Controlling the export of toxic chemicals that can be used as chemical weapons, precursors for their synthesis, and, more generally, chemicals of security concern is paramount when trying to prevent the proliferation of chemical weapons and support chemical security. It is key that the controls be implemented in a thorough and timely manner to prevent illegal transfers of chemicals, while at the same time facilitating legitimate transfers. By bolstering the ability of frontline officers to effectively perform such controls, the NCCT will contribute to ensuring that chemistry be only applied to serve peaceful purposes and support the progress of humanity [11].
Methods
Instant JChem platform
The IJC-based NCCT prototype was built and is managed through ChemAxon’s Instant JChem software (IJC), version 21.8.0 [19]. Specifically, as described below, Instant JChem was used to build the NCCT database. Moreover, Instant JChem is also used to manage and query the NCCT database. The Instant JChem software is a desktop-based application that runs on Windows and MacOS computers. Installation of Instant JChem is required to query the NCCT database. The NCCT database also resides locally on the desktop computers, in Derby format.
NCCT tables in CSV format
A comma-separated values (CSV) file was created for each of the CW-control tables to be implemented into the NCCT database. The CSV file had a total of 12 columns that correspond to the NCCT table fields listed above in “Results” section (Description of the table fields), with the exception of the PubChem URL field, which was created directly in Instant JChem after the import of the NCCT tables (see next section for more details). For each entry, we populated the “Structure” column with the SMILES string retrieved from the Chemical Abstract Service through the SciFindern web tool [35]. When this was not available, the field was left blank.
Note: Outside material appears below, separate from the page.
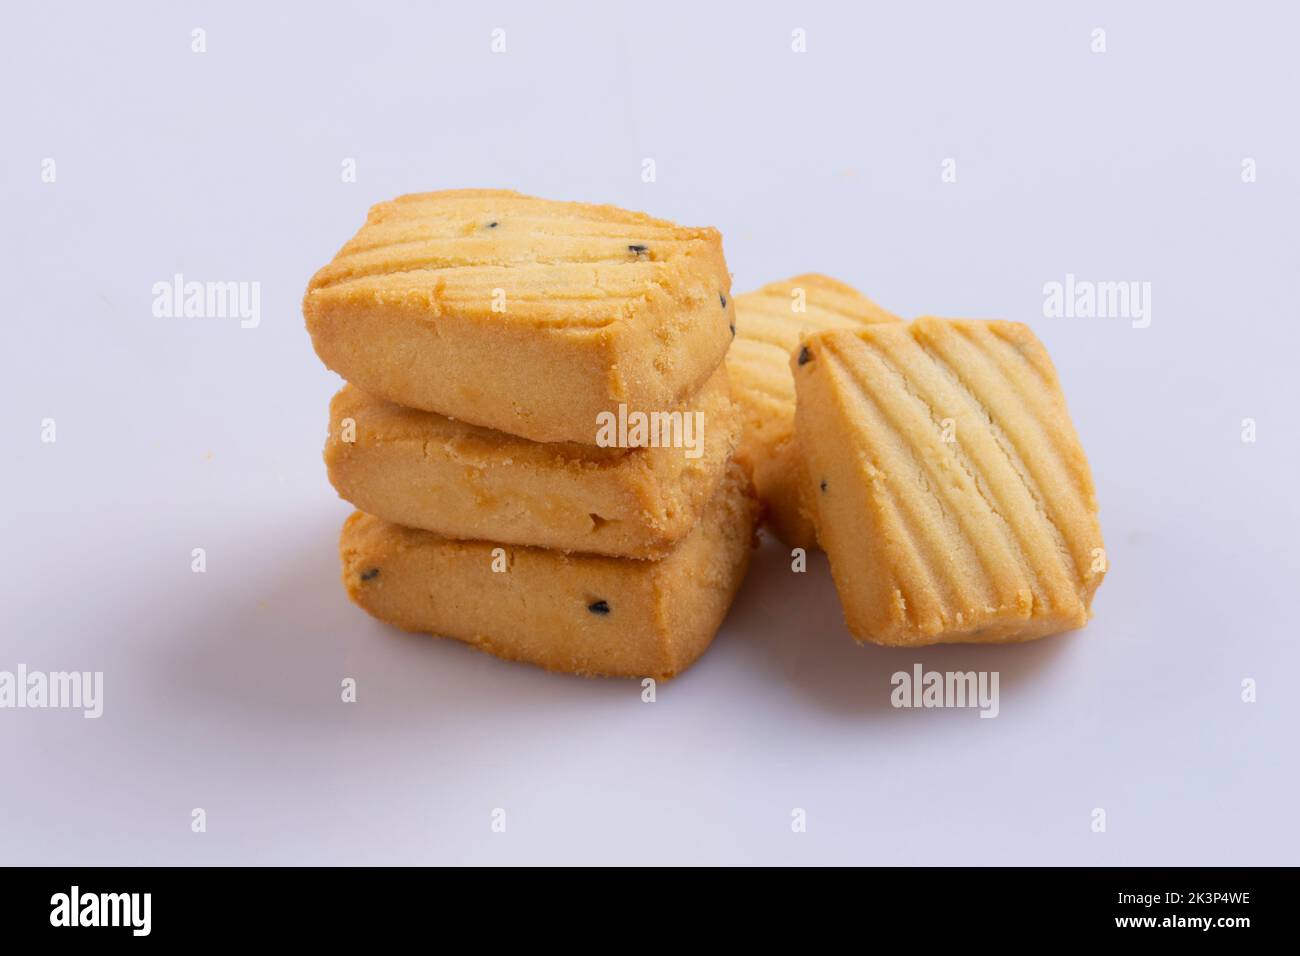 Raccolta di biscotti su sfondo bianco, biscotti al burro, biscotti al cioccolato, biscotti al caffè, biscotti alle ardesie ecc. Foto Stock

The columns “Entry Number”, “Entry Name”, and “CAS Registry Number®” were populated with the information found in the official version of the CW-control lists. The remaining seven columns were populated with complementary pertinent information (see “Description of the table fields” in “Results” section for further details). Two of these seven columns were populated with InChI structural identifiers and InChIKey codes, which are their hashed version [14, 20]. InChI and InChIKey codes were derived from the SMILES retrieved from SciFindern. In particular, the SMILES strings were pasted into the “Draw structure” tool of the National Library of Medicine’s PubChem website [28], where they were then converted to their corresponding InChI and InChIKey codes.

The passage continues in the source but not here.